For each candidate emoji, the app computes:

\[ intersection = \sum matched\ keyword\ weights \]\[ \begin{aligned} \text{union} = {}& \text{total emoji keyword weight} \\ &{}+ \text{input token count} \\ &{}- \text{intersection} \end{aligned} \]\[ score = \frac{intersection}{union} \]

This rewards emojis that match the input, but penalizes overly broad emojis with lots of keywords. Without that penalty, generic emojis can win too often just because they have many possible words attached to them.

Max Overlap#

The second method is simpler:

\[ score = \sum matched\ keyword\ weights \]

This asks: which emoji had the strongest direct keyword hits?

I set the top weighted-Jaccard result to be displayed as the first option, and max-overlap as the second option.

Fallbacks and Feedback#

The dataset contains English, Spanish, and German keywords, but there is no need for me to pick a language. At runtime it just tokenizes the item text and tries to match against the configured keyword tables.

If nothing matches, nothing dramatic happens. The item just shows the fallback character “-” and we can open the emoji picker manually.

When an emoji is selected by hand, the app records an append-only feedback event with the original text, tokens, shown suggestions, and chosen emoji.

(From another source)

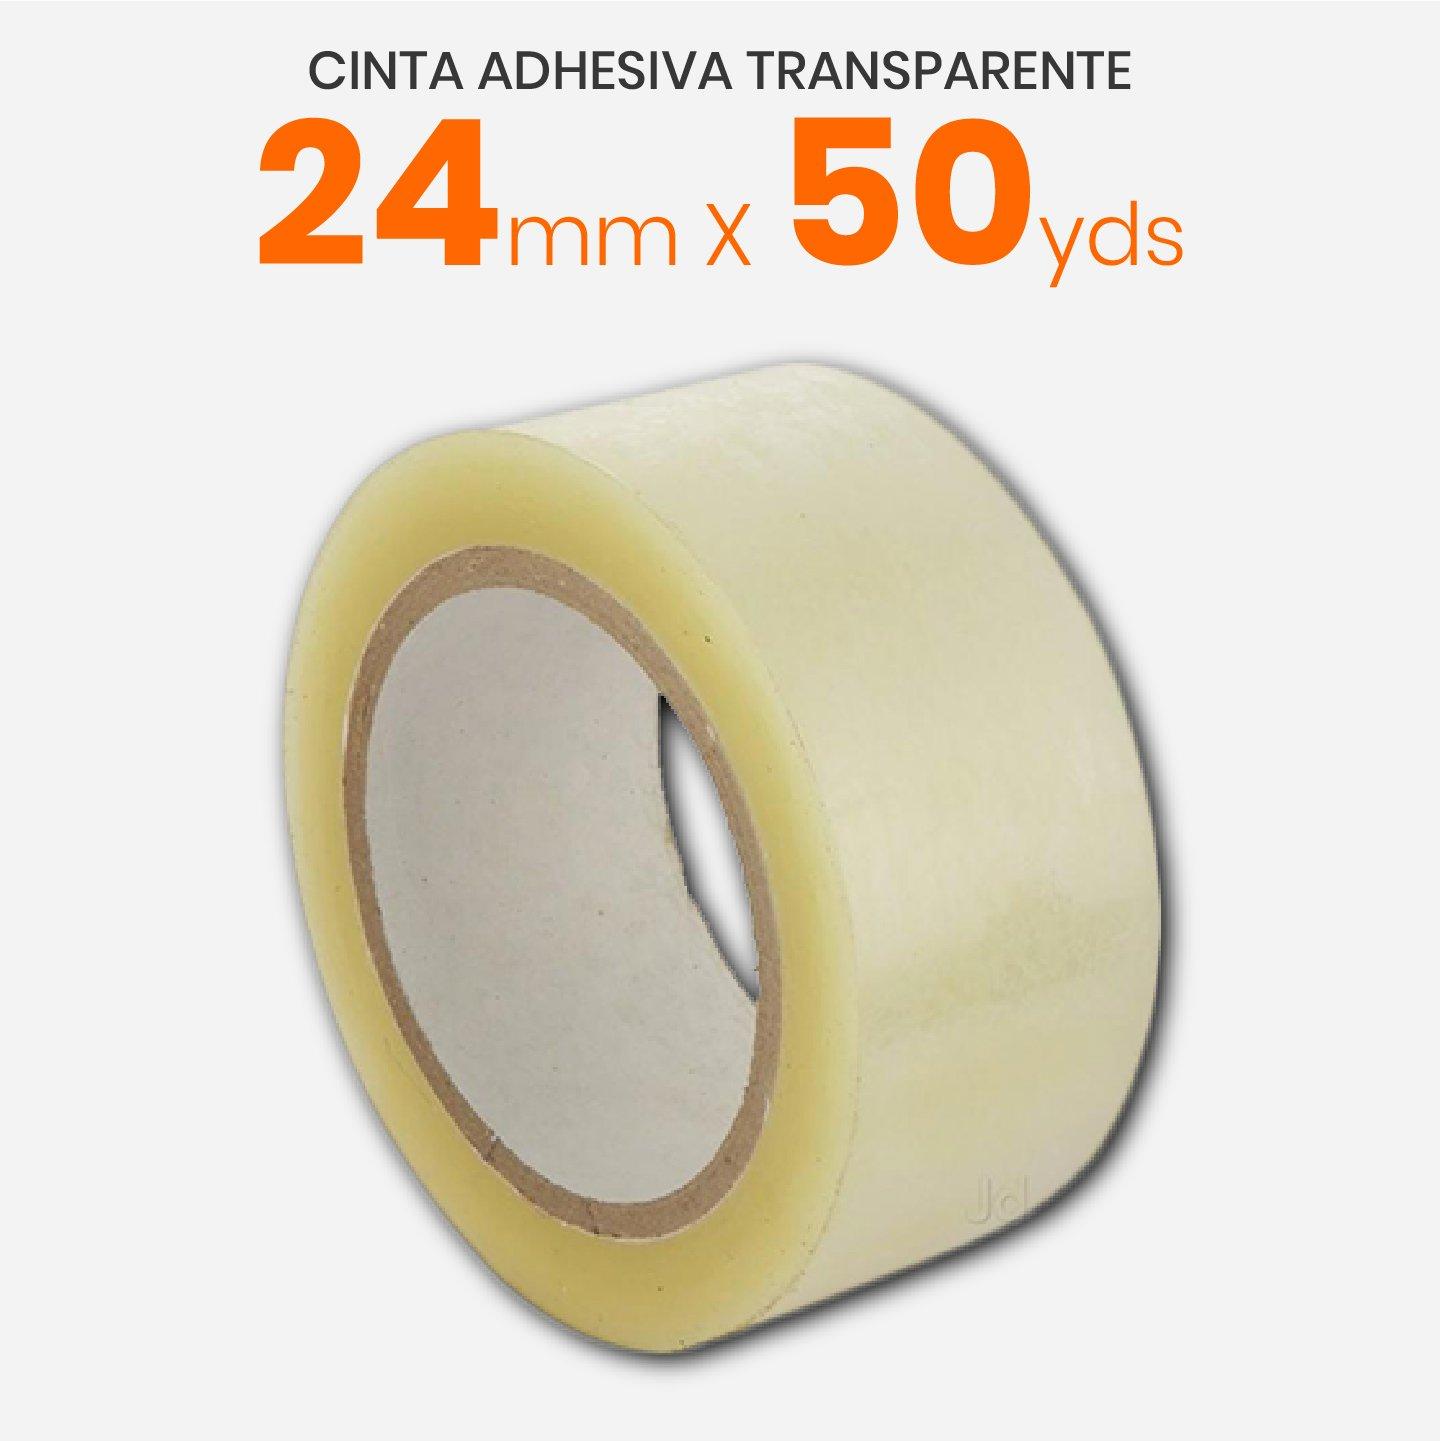 Cinta Adhesiva Transparente 24mm x 50yds

It also keeps override weights for token and emoji pairs. The idea is:

  • manually chosen emoji are the strongest signal
  • a manual token-to-emoji match gets treated as 1.0
  • generated data is useful, but our private feedback is better
  • rejected suggestions can be slightly demoted

For example, if the generated dataset thinks pan should map to 🍳, but in our actual lists we always choose 🍞, the system should learn that.

Also, we can change emojis at any time. Keeping track of timestamps is key, because I can expect that the most recent emoji assigned manually is the one that we actually wanted.

Final thoughts#

The whole model is loaded into memory per language and cached. At this scale, this is perfect; single digit milliseconds for the queries (I know, could be much faster, but for a serverless database, I’m happy).

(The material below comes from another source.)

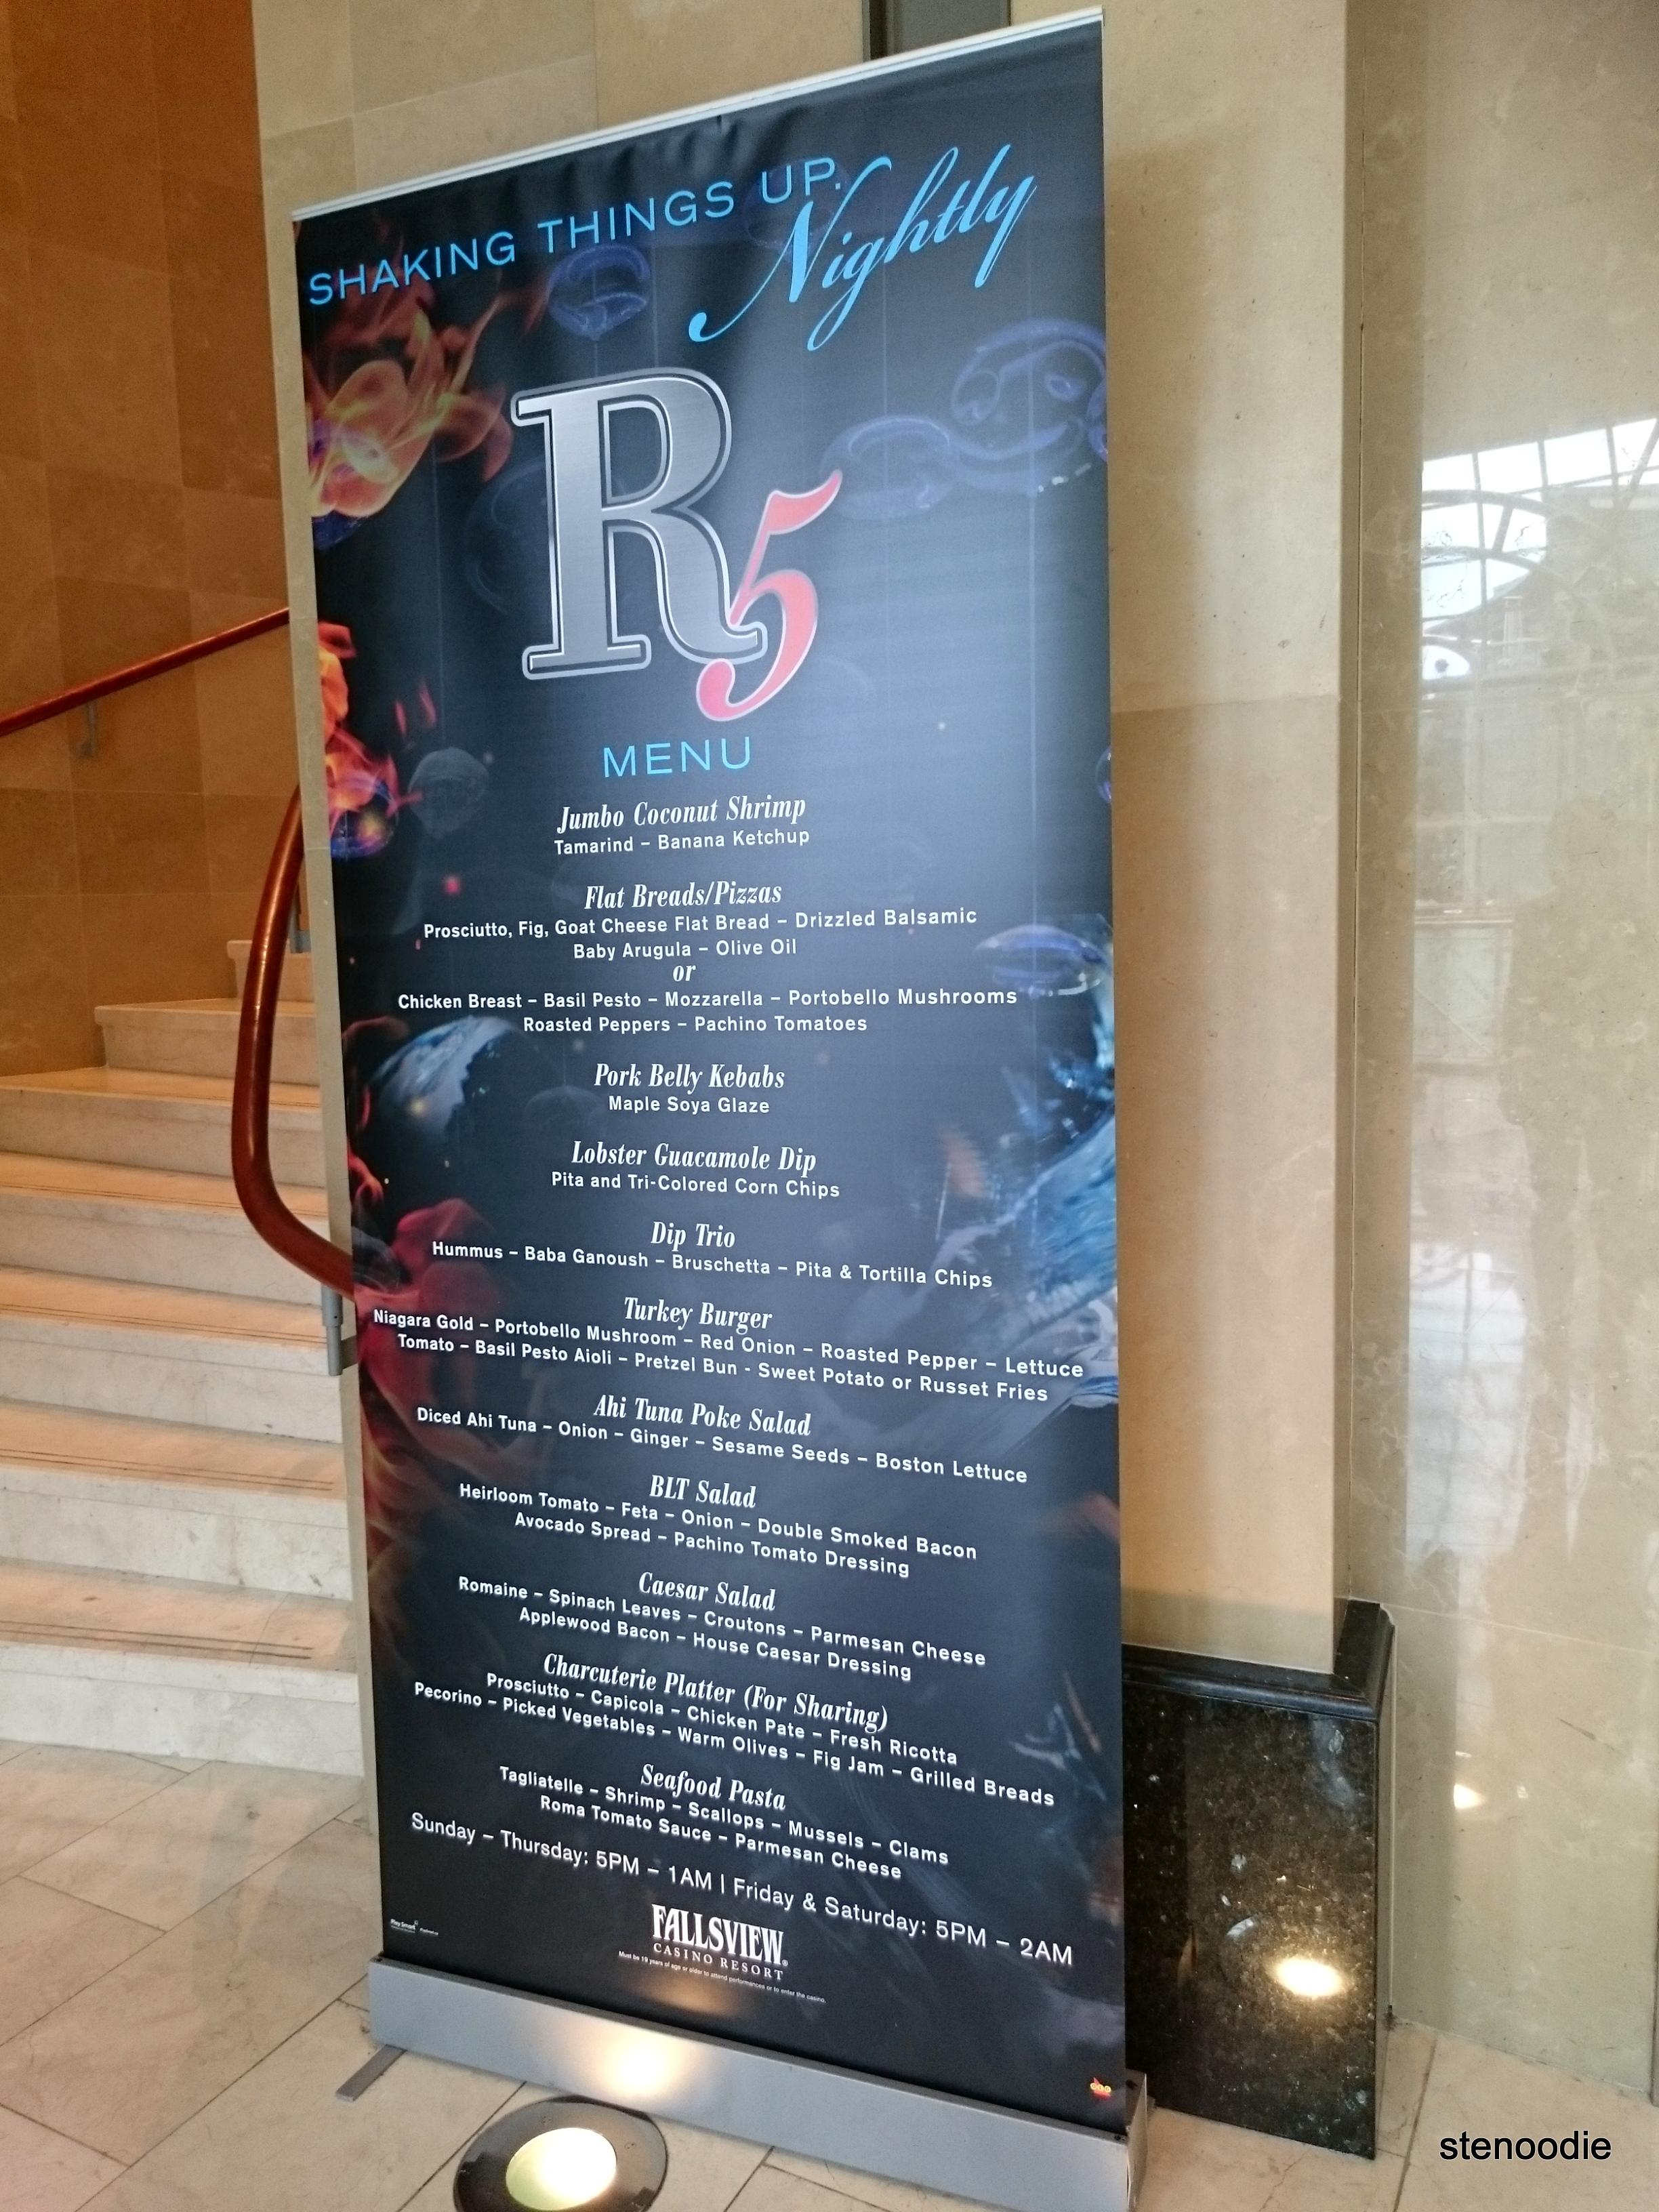 R5 banner

The dataset is small. The app is private. The input text is tiny. There are no runtime model calls, no embeddings service, and no network dependency just to decide whether coffee should become ☕.

That is the part I like most about this feature. I started with the more “AI” solution, found that it was not the right fit, and ended up using AI offline to create a small deterministic dataset.

The last few months of using the lists app were great. I really like having the visual signal of emojis on all lists, it makes them much easier to scan. My main takeaway from this little project was that leveraging small open source LMs to generate useful, “domain-specific” text data can yield good products.